Correspondance de Voltaire/1761/Lettre 4621

Correspondance : année 1761
Garnier (Œuvres complètes de Voltaire, tome 41p. 378-379).

4621. — À M. ***[1].
Au château de Ferney en Bourgogne, par Genève, 30 juillet.

Dans une petite transmigration, monsieur, d’une maison à une autre, la lettre dont vous m’honorâtes en date du 1er juin s’était égarée. Mme du Perron m’ayant appris à qui je devais cette lettre, j’ai été fort honteux ; j’ai cherché longtemps, et j’ai enfin trouvé ; mais ce que je ne trouverai pas, c’est la solution de votre problème. Quand on demanda à Panurge lequel il aimait le mieux d’avoir le nez aussi long que la vue, ou la vue aussi longue que le nez, il répondit qu’il aimait mieux boire.

Vous me demandez lequel est le plus plaisant de savoir tout ce qui s’est fait ou tout ce qui se fera : c’est une question à faire aux prophètes ; ces messieurs, qui connaissaient l’avenir si parfaitement, étaient sans doute instruits également du passé. Il faut être inspiré de Dieu pour savoir bien parfaitement son prétérit, son futur, et même son présent. Notre espèce est fort curieuse et fort ignorante. Celui qui saurait l’avenir saurait probablement de fort sottes et de fort tristes choses, et entre autres l’heure de sa mort : ce qui n’est pas extrêmement plaisant à contempler.
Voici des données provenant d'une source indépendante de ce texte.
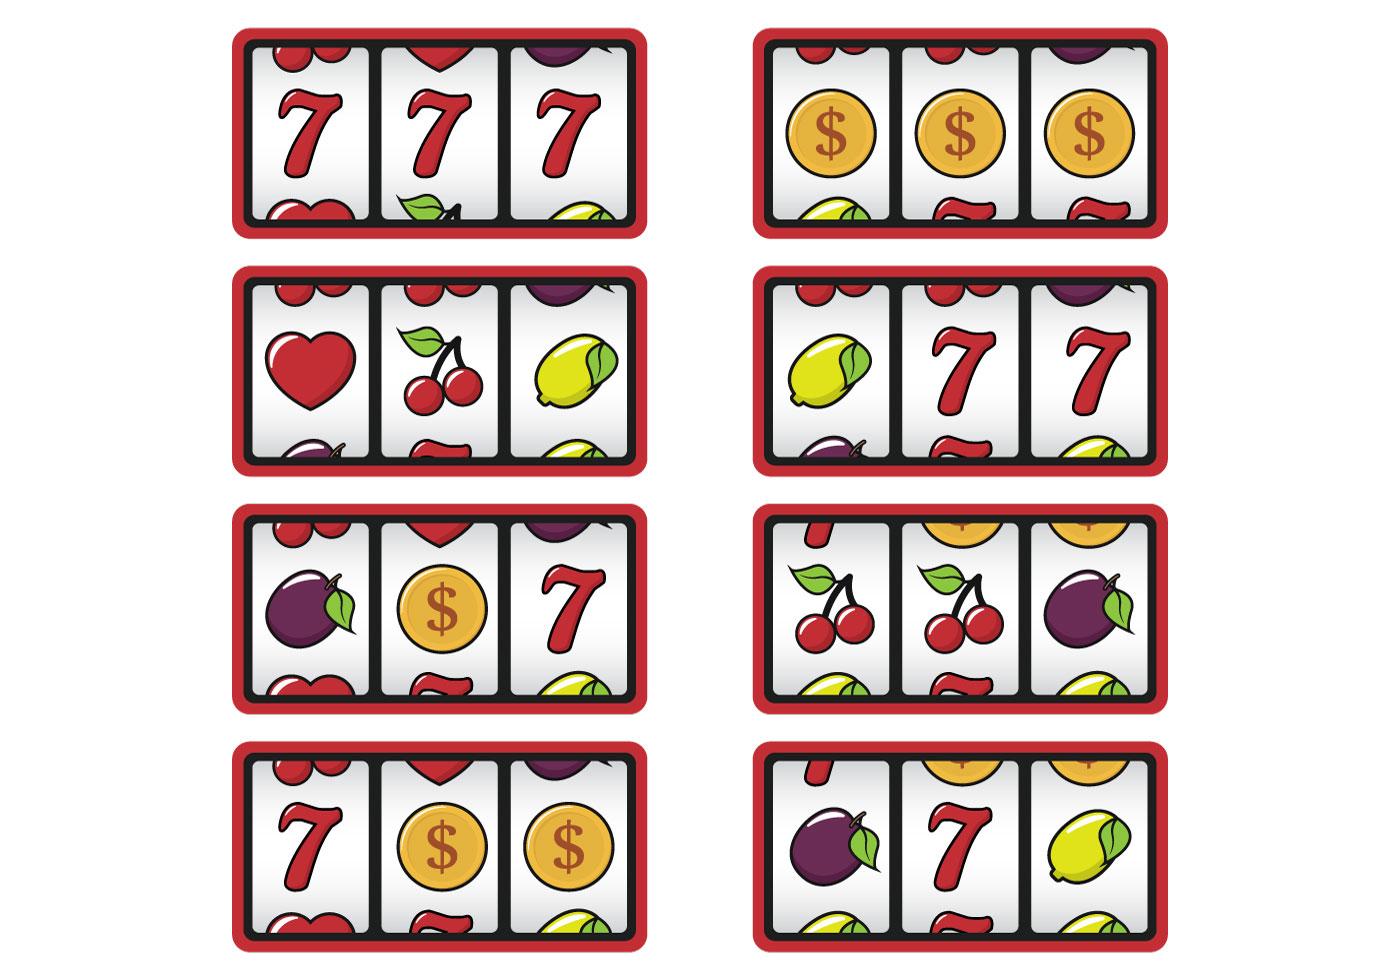 Slot Machine Display Download Free Vector Art Stock

J’aime mieux au fond de la boîte de Pandore l’espérance que la science, et je suis de l’avis d’Horace :


Prudens futuri temporis exitum
Calignosa nocte premit Deus.

(Lib. III, od. xxix.)

Ce que je sais le mieux, c’est que j’ai l’honneur d’être avec tous les sentiments que je vous dois, monsieur, votre, etc.

  1. Cette lettre est peut-être adressée au bourgmestre de Middelbourg dont il est question dans la lettre 4616, si ce n’est pas un personnage supposé.